Helping to overcome the tyranny of distance, telehealth is currently being used to deliver quality health services to care homes and nursing facilities, and integrating care within communities. Telehealth services focusing on Aboriginal and Torres Strait Islander communities are providing timely access to healthcare services to ensure early diagnosis and early interventions. Within acute care facilities, telehealth is enabling remote specialist team assessment of critically ill patients, fostering collegiate decision making, and encouraging knowledge sharing and medical advice for patients with complex conditions.
Did you know: There are over 60 thousand residential aged care places in NSW alone, and 25% of residents have at least one hospital encounter per year. Source
What can we expect next?
This is an exciting time for health! Digital technologies are diverse and their possibilities for health and healthcare delivery are rapidly evolving. Pools of digital health data are growing exponentially, feeding new knowledge and insights that can ultimately inform predictive and personalised care. All of this means tremendous things for maintaining wellness and delivering individualised healthcare that keeps people out of hospital and engaged in an active life.

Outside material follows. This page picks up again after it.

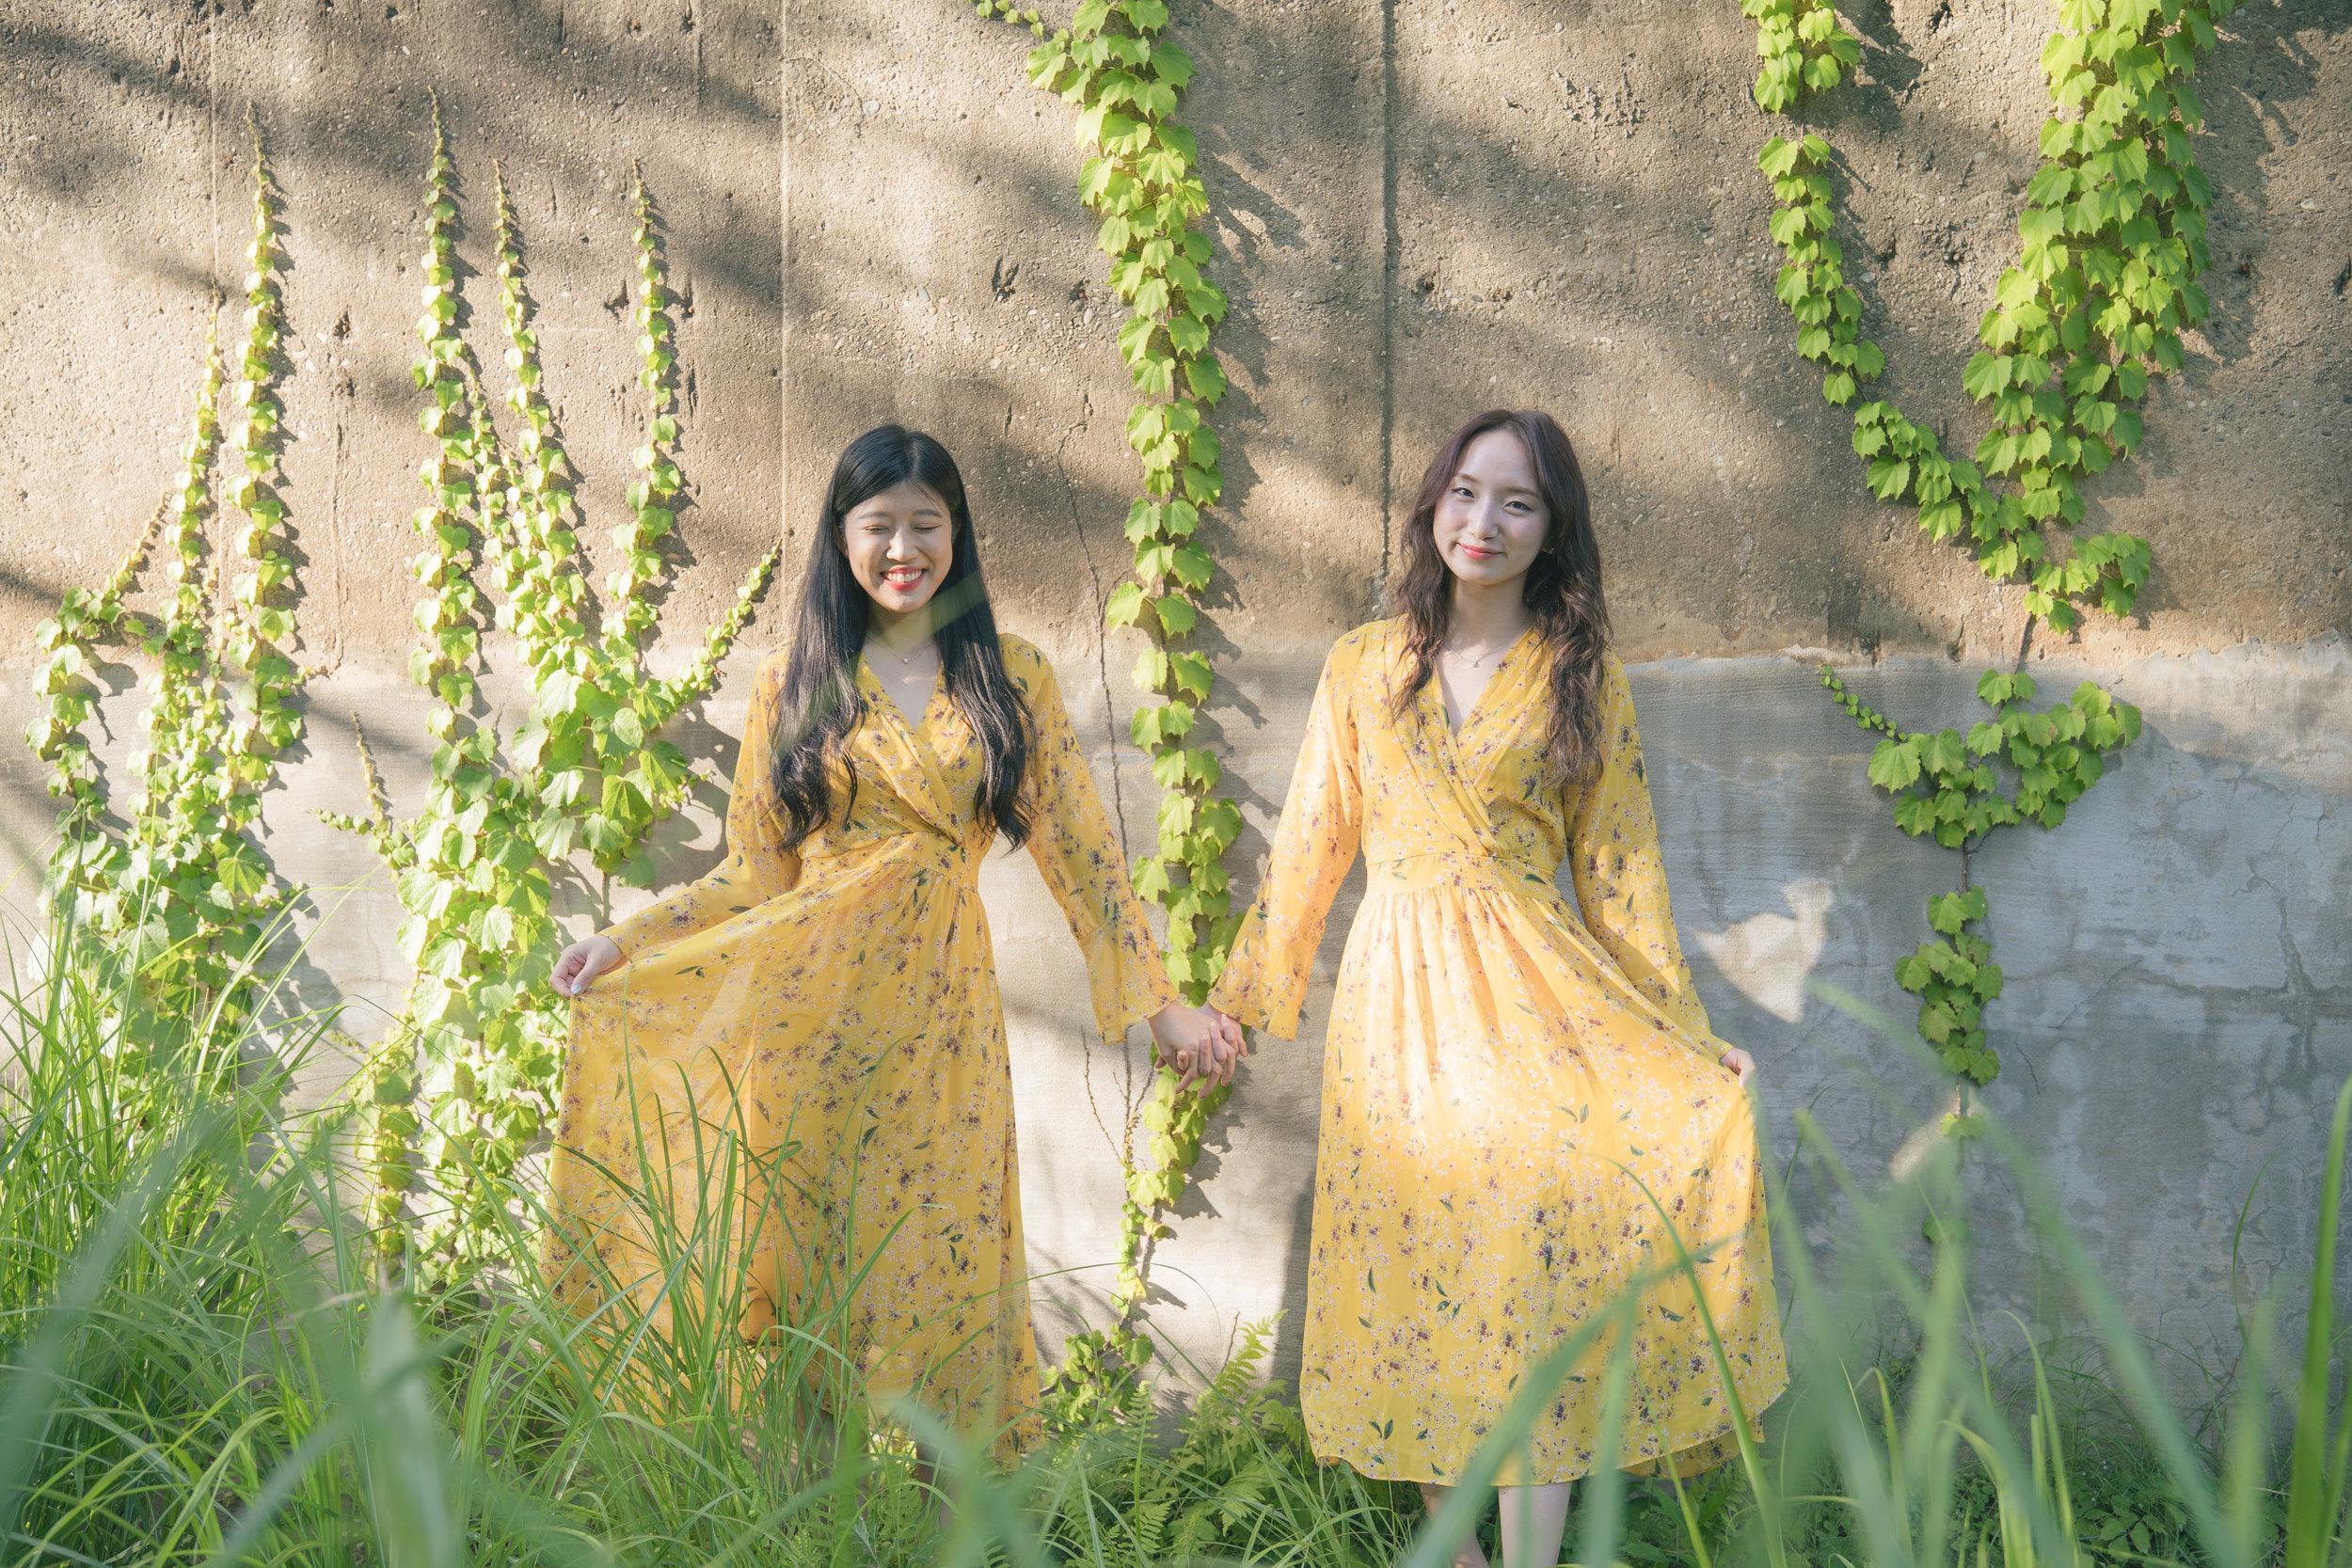 Sprazzi_Professional_Photography_Photographer_Seoul_Korea_Sion_Original_64.jpg

We increasingly use video calls in everyday life to connect and maintain relationships and many expect virtual care to play a bigger part in our lives. As consumers constantly seek more accessible, convenient and flexible service options, the health industry will continue to look to other service sectors, such as banking and travel, for innovative ideas and lessons learnt.
We can expect service providers to increase their offerings in response to a competitive consumer driven market. Fueled by the increasing popularity of mobile devices and apps, wearable devices, online health information and networking portals, consumer appetite for new products and services is driving providers to reconsider what has long been ‘business as usual’. Growing levels of consumer digital and data literacy will continue to stimulate expansion and advancement of digital health tools and services.
Health and services data will continue to inform evidence based multi-professional tailored programs, in particular pre-treatment and post-treatment care, telemonitoring, preventative health and wellness support. Data will also continue to inform the development and review of guidelines and clinical standards that help healthcare providers deliver online care effectively, efficiently and safely.
Just like digital health care is simply becoming known as ‘health care’, we’re rapidly on our way to telehealth services becoming just another standard option for accessing quality healthcare.